The staff and students in the LDRC are working on a wide variety of projects on languages around the world. Several of these, including past projects, are summarized in the pages on this site.
Totonac Documentation Project
This project is aimed at the documentation of languages in the Totonac branch of the Totonacan language family, spoken in East Central Mexico. It began initially with work on Upper Necaxa Totonac and has since expanded to include intensive work in neighbouring languages, Zuhuateutla Totonac, Coahutilán Totonac, and Tepezintla/Ozomatlán Totonac.
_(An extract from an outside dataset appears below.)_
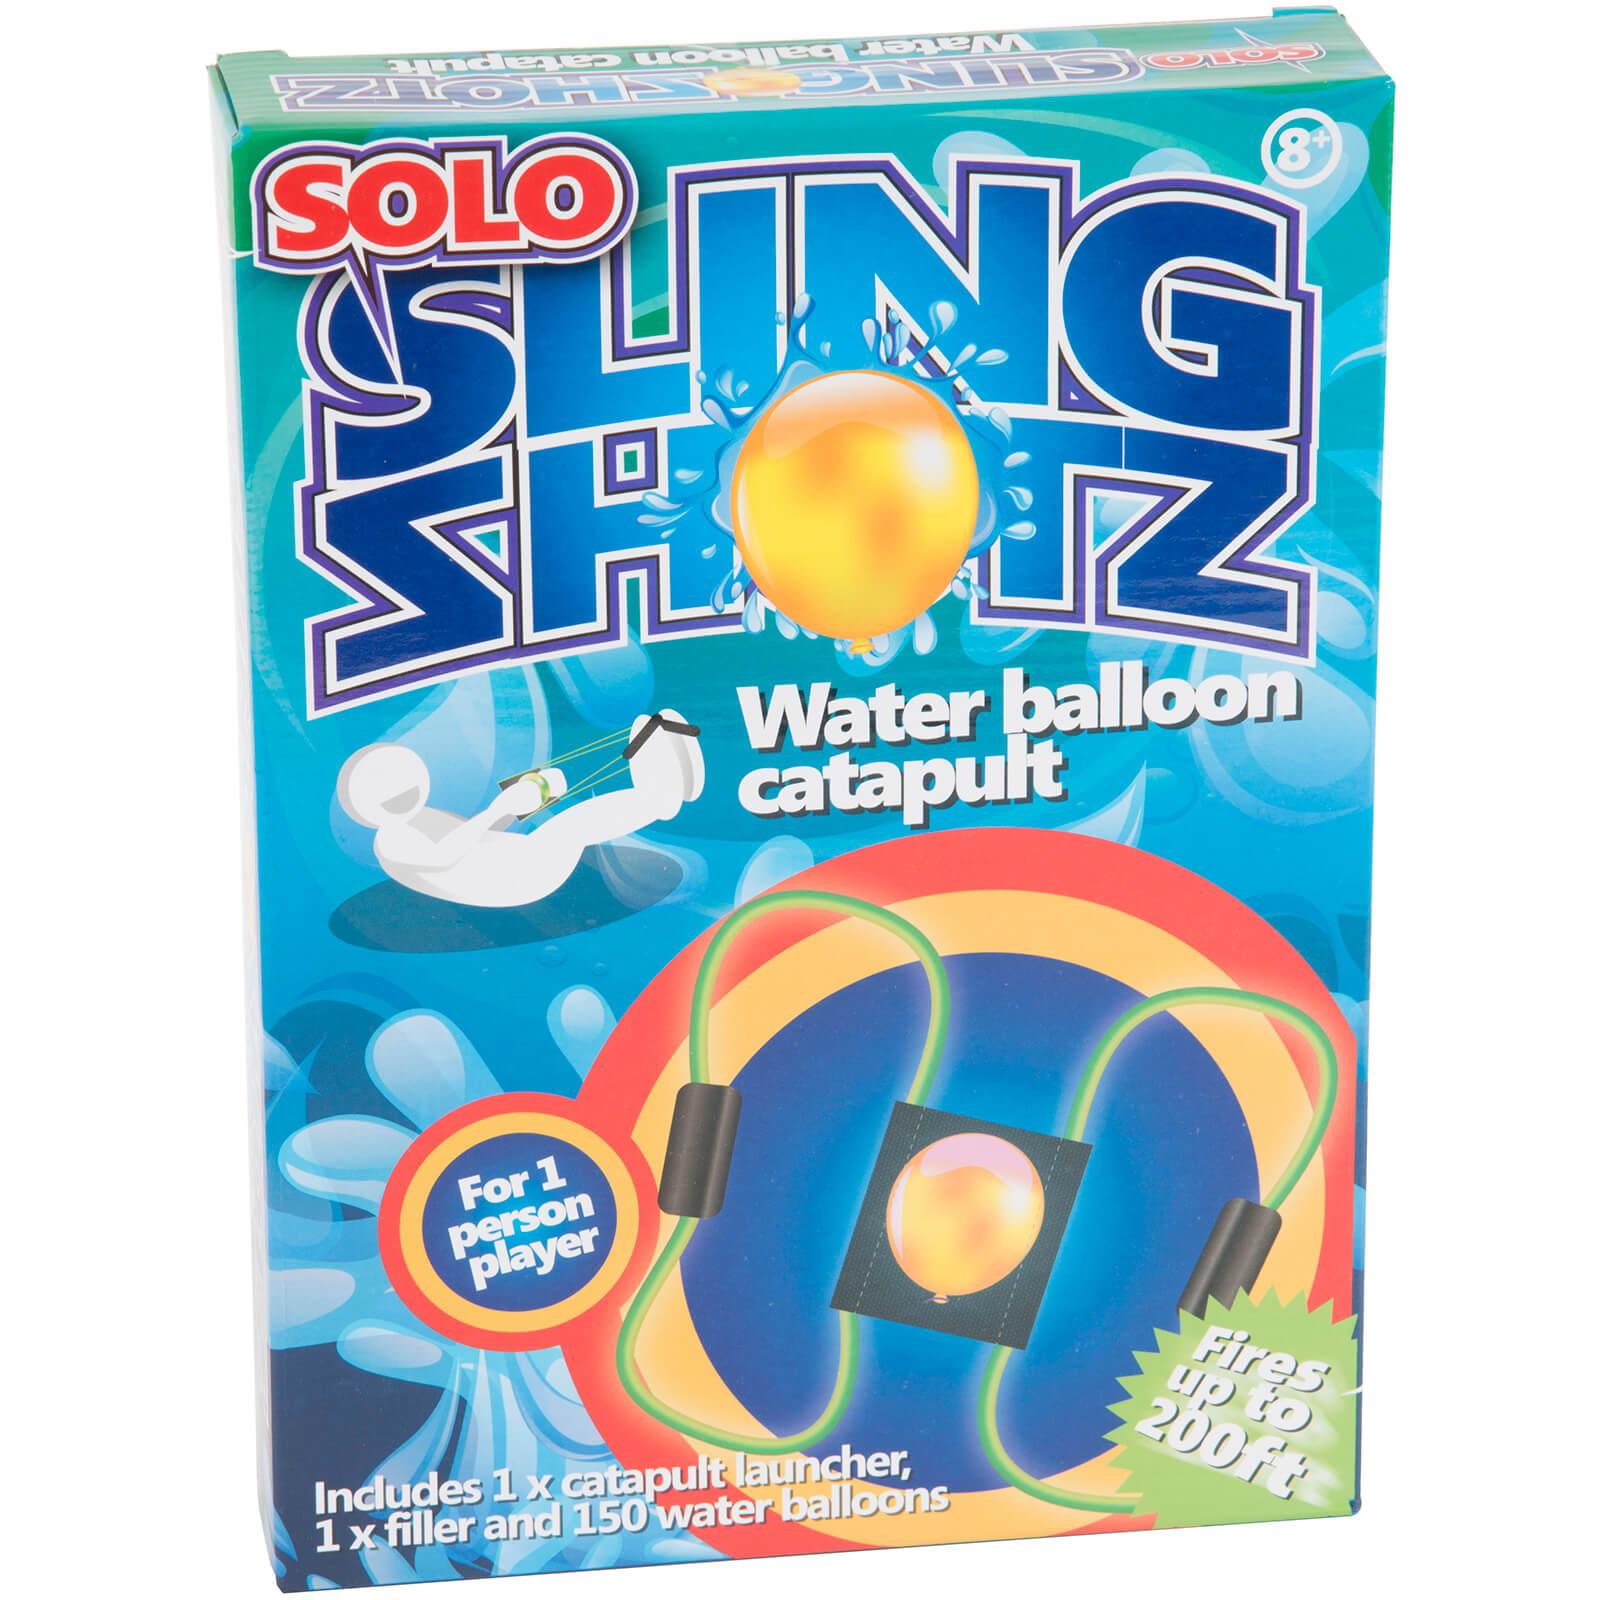 Funtime Sling Shotz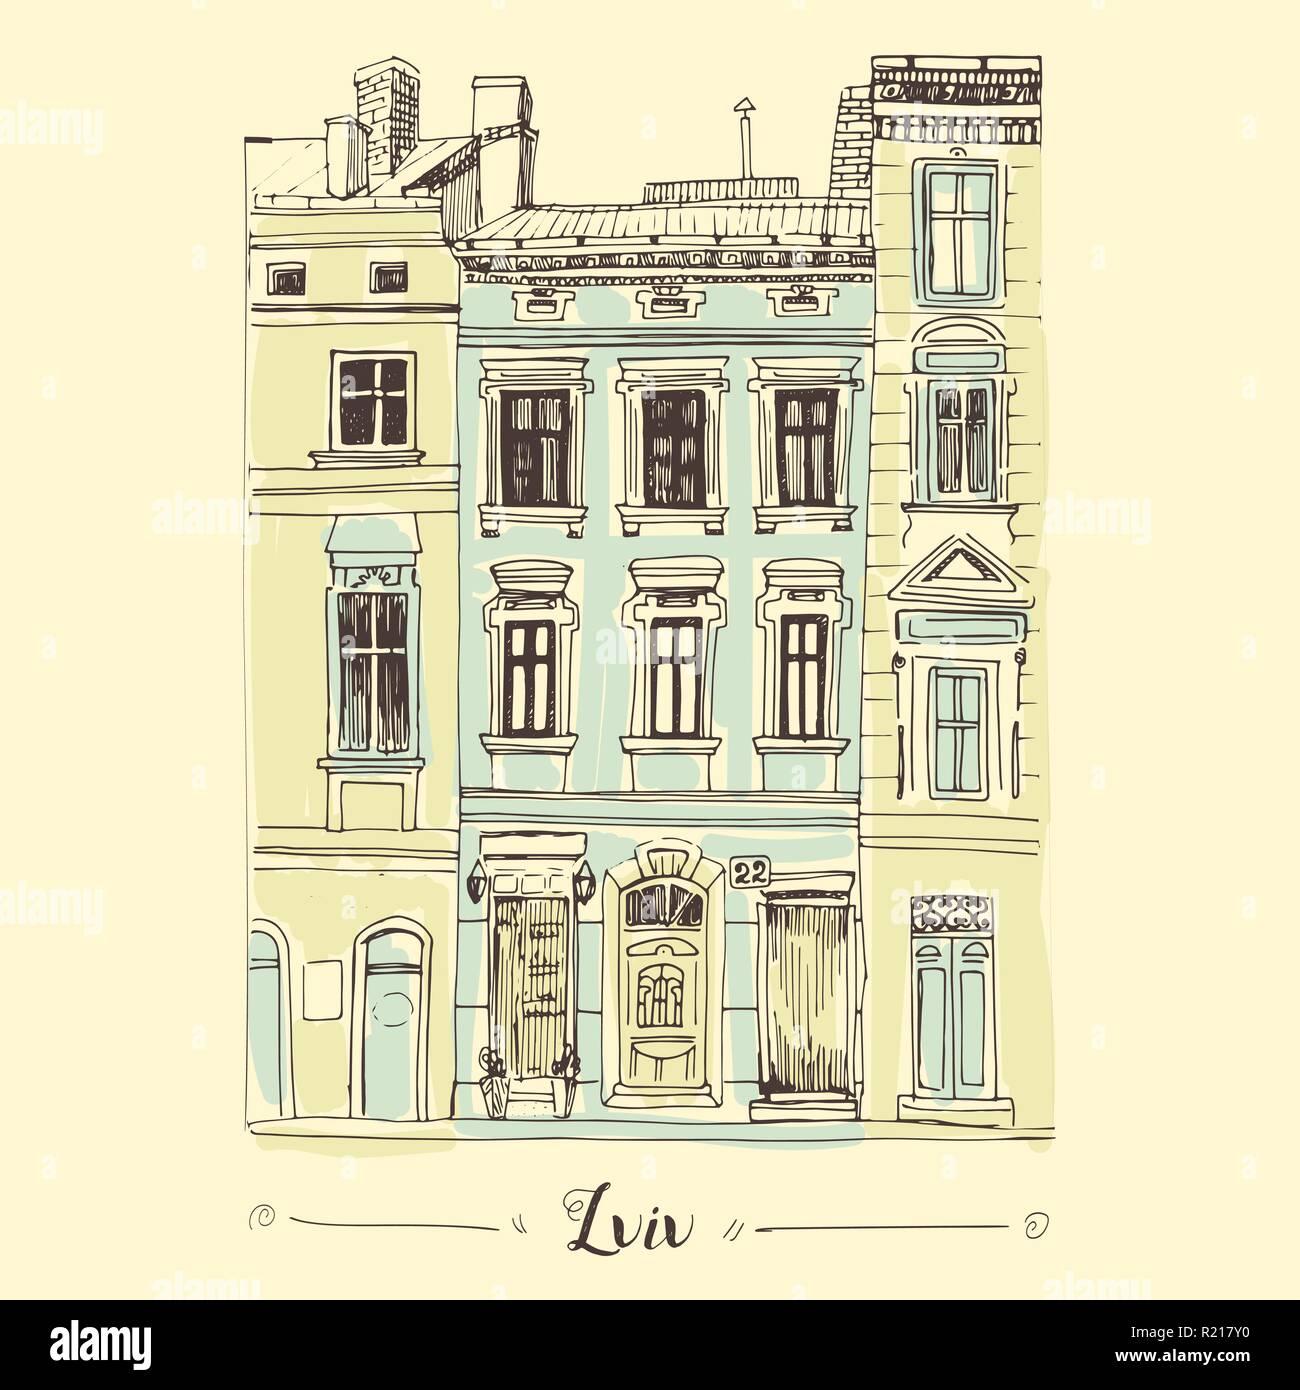 Lviv house hand drawn sketch. European old building for postcard design. - Stock Vector

The project has conducted more limited field work in several other Totonac communities.- field visits beginning in 1998
- SSHRC funding since 2001
- students involved in fieldwork since 2003
- practical and academic dictionaries
- electronic lexical database with sound files and moprhological analyses
- reference grammar and morphological model
- analyzed texts, paper and audio archives
- L1 acquisition
- historical reconstruction
- language displacement and ideologies
- collection of ethnobotanical materials
- Project director: David Beck
- Researchers: Michelle Garcia-Vega, Devin Moore, Rachel McGraw, Conor Snoek
T. M. Hess Collection
Thom Hess in his office at UVic in 2001 The Thomas Melville Hess Collection consists of documentary materials on the indigenous languages of the Pacific Northwest recorded by the eminent linguist Thom Hess have been donated to Special Collections at UofA. It includes extensive audio recordings and field notes on Lushootseed, as well as other Salishan and Wakashan materials. In the course of this project- tapes will be digitized
- typed transcripts will be digitized and paired with recordings
- materials will be analyzed and analyses included with documentary materials
- on-line access will be provided to some materials
- Project director: David Beck
Lushootseed Project
The Salishan language Lushootseed, spoken in the Puget Sound area of Washington State and the Upper Skagit River, has only a handful of fluent elder speakers remaining, yet — thanks largely to the efforts of Thomas M. Hess and his teachers and collaborators — the language has been well documented, though much of the material remains in unpublished or inaccessible form. This project seeks to compile and analyze the exisiting materials. Currently, we are working on:- interlinearized searchable corpus of ca. 5,300 lines created from transcribed material
- XML database of lexical suffixes
- Project director: David Beck
Totonac Ethnobotany
An essential part of language documentation is the recording of traditional ecological knowledge, one of the earliest casualties of language displacement. In June of 2015, we began the collection and determination of plant species listed in the Upper Necaxa Totonac Dictionary . The web pages on this site represent 249 collections made in the Necaxa Valley, accompanied by ethnobotanical data provided by our consultants, primarily Longino Barragán Sampayo (Ch.), Porfirio Sampayo Macín (Pt.), and Marcelo Mendoza Orega (Pt.). Photography by Jonathan Amith and Jaime Canek Ledesma. Determinations courtesy Jonathan Amith.